- Pronunciation: Somarathna Disānāyaka
- Born: 15 November 1946 (age 79) Giriulla
- Other name: Some
- Occupations: Film director; SRC – Chairman; ITN chairman; SLBC chairman;
- Years active: 1997–present
- Notable work: Saroja; Punchi Suranganavi; Sooriya Arana; Sarigama; Jangi Hora;
- Spouse: Renuka Balasooriya
- Children: Two sons and one daughter

= Somaratne Dissanayake =

Sri Lankan film director, screen writer, and producer (born 1946)

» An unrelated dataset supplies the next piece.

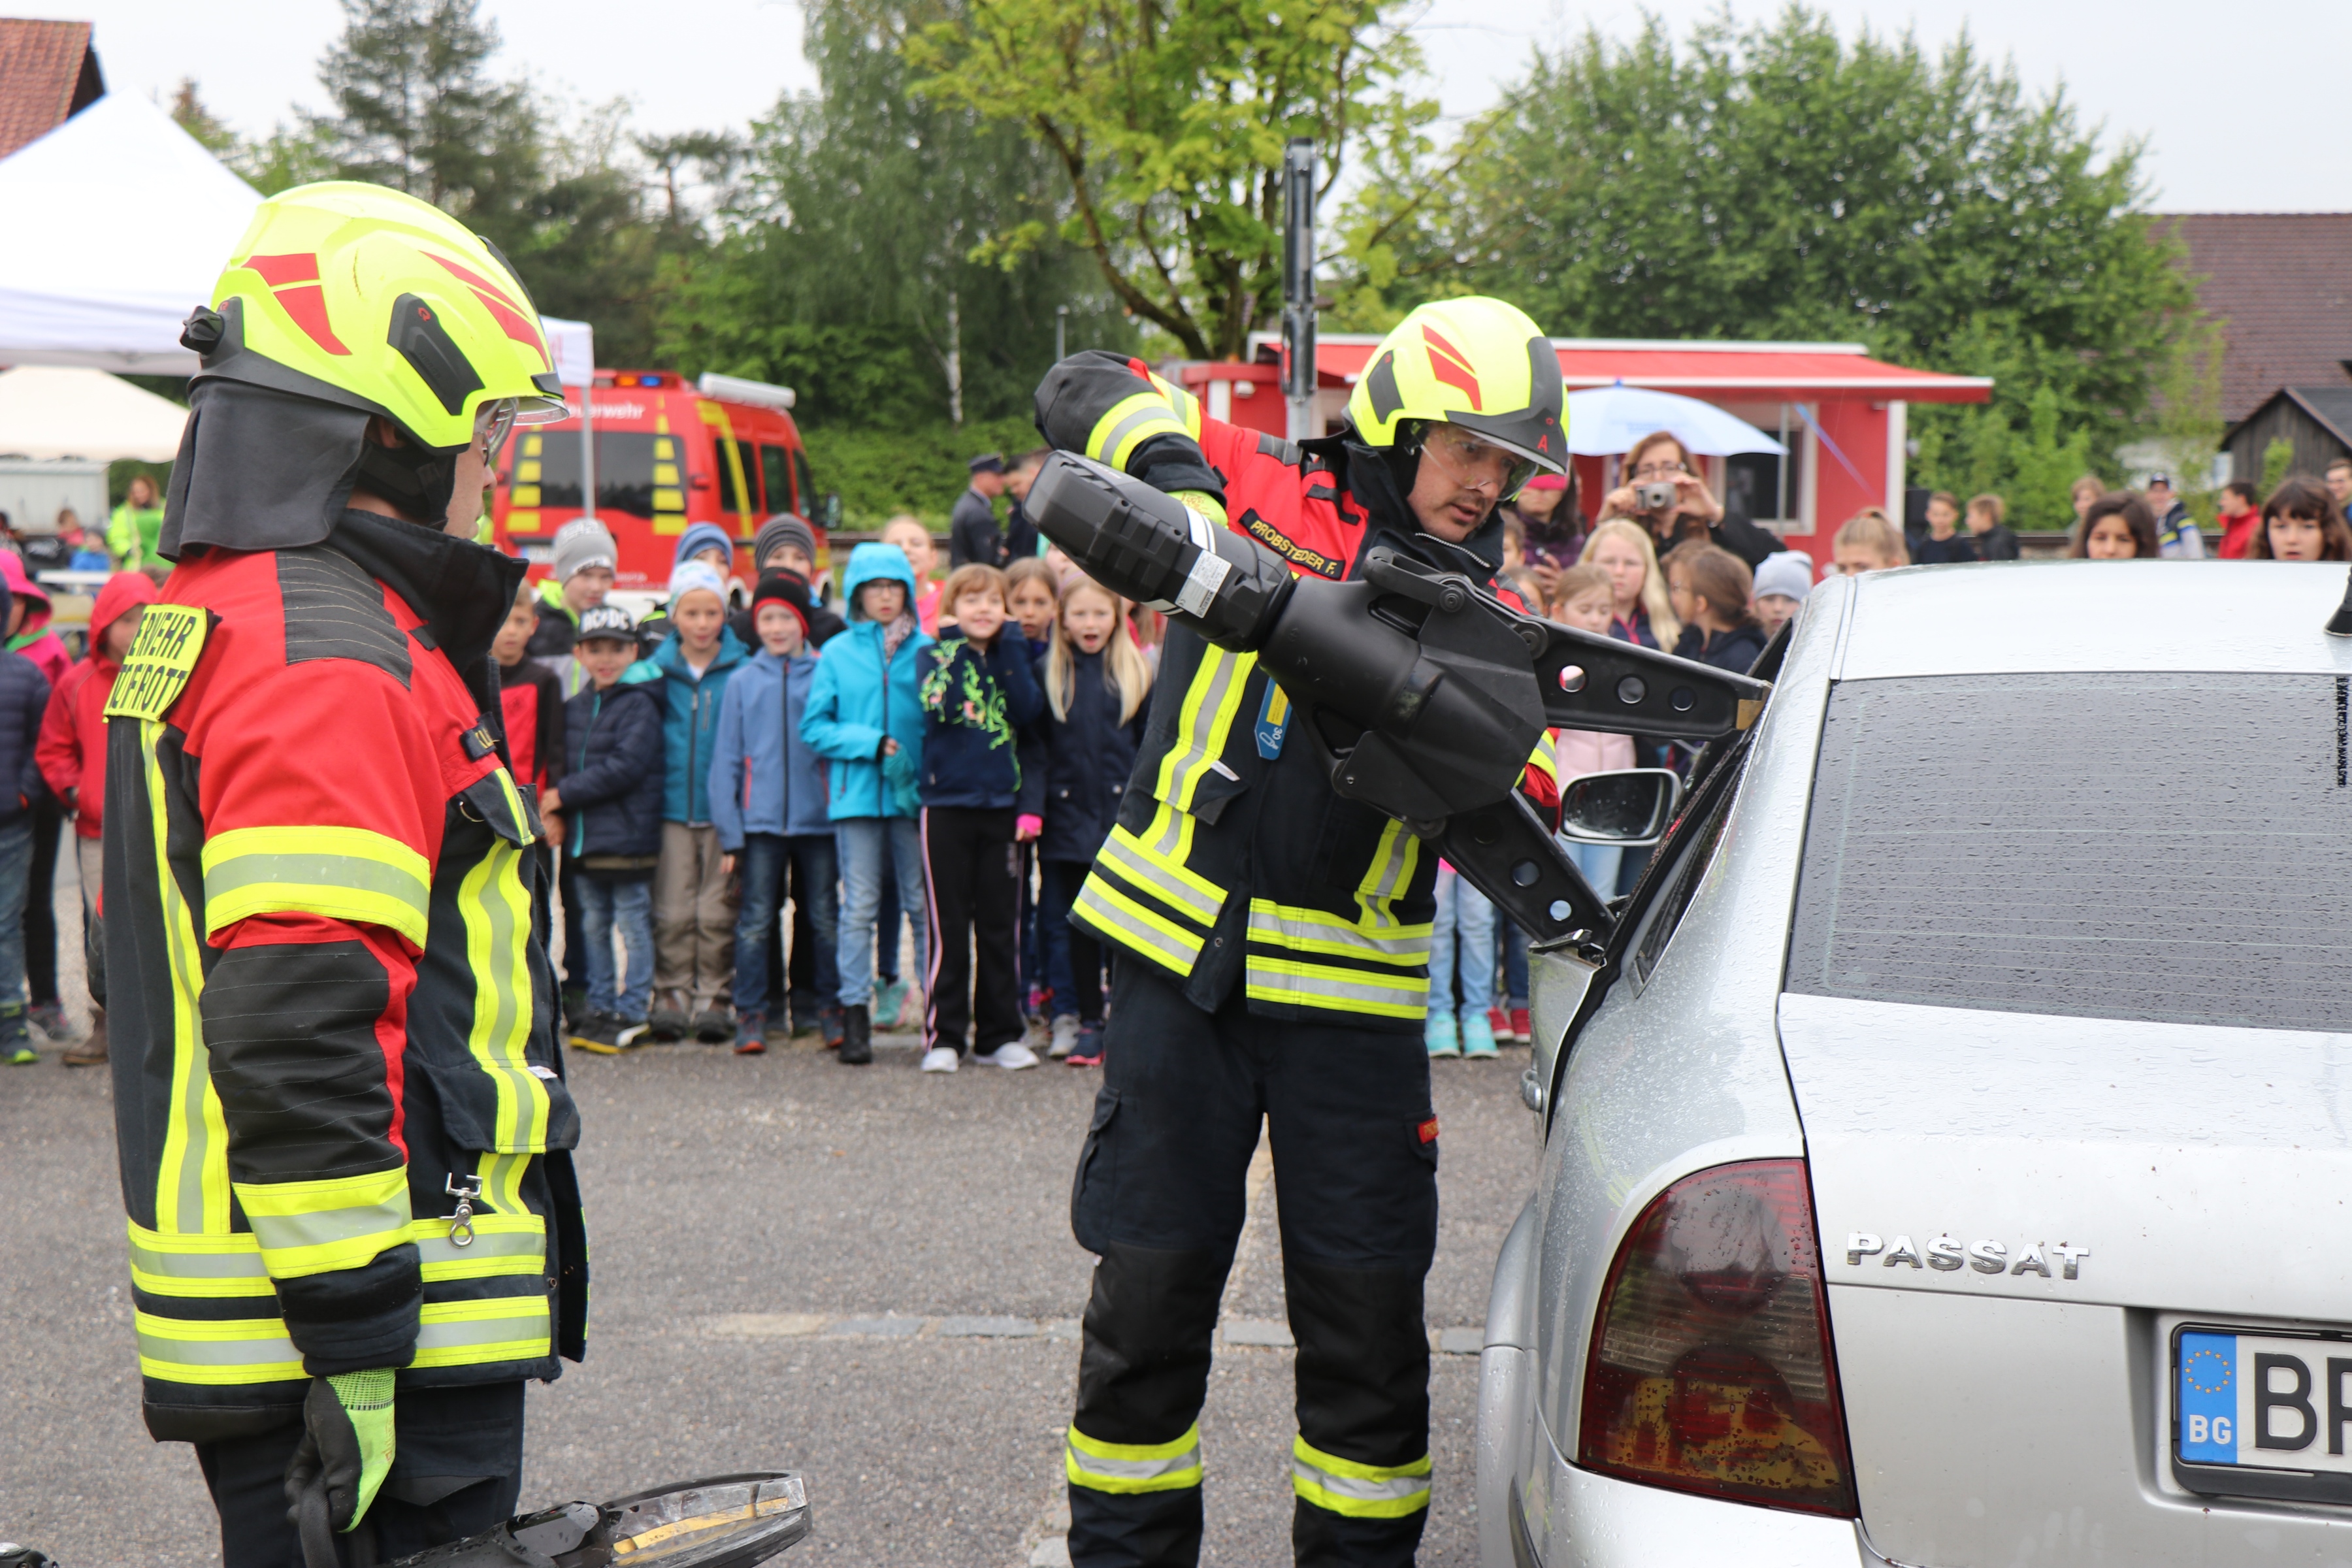 Feuerwehr in Aktion: Kinder und Jugendliche staunen über die schnelle Öffnung eines Autos mit dem Rettungsspreitzer.

Somaratne Dissanayake (born 15 November 1946) is a Sri Lankan film director, screenwriter and producer. He was the Chairman of Sri Lanka Rupavahini Corporation and the president of the Film Makers Guild of Sri Lanka (FMG). He is the winner of the most number of international awards for cinema in Sri Lanka. In 2007, he received Presidential award for directing Samanala Thatu (2006).

== Biography ==
Somaratne abandoned his life in Australia to pursue a film career in his motherland Sri Lanka. He started the stage play, Mee Pura Wesio in 1984 and then a television drama, Iti Pahan in mid 1990s. He did not come to the cinema industry at once. He studied cinema for another 10 years. He earned his MA in performing arts from the University of Sydney, Australia. He also obtained his PhD in cinema from the University of Colombo.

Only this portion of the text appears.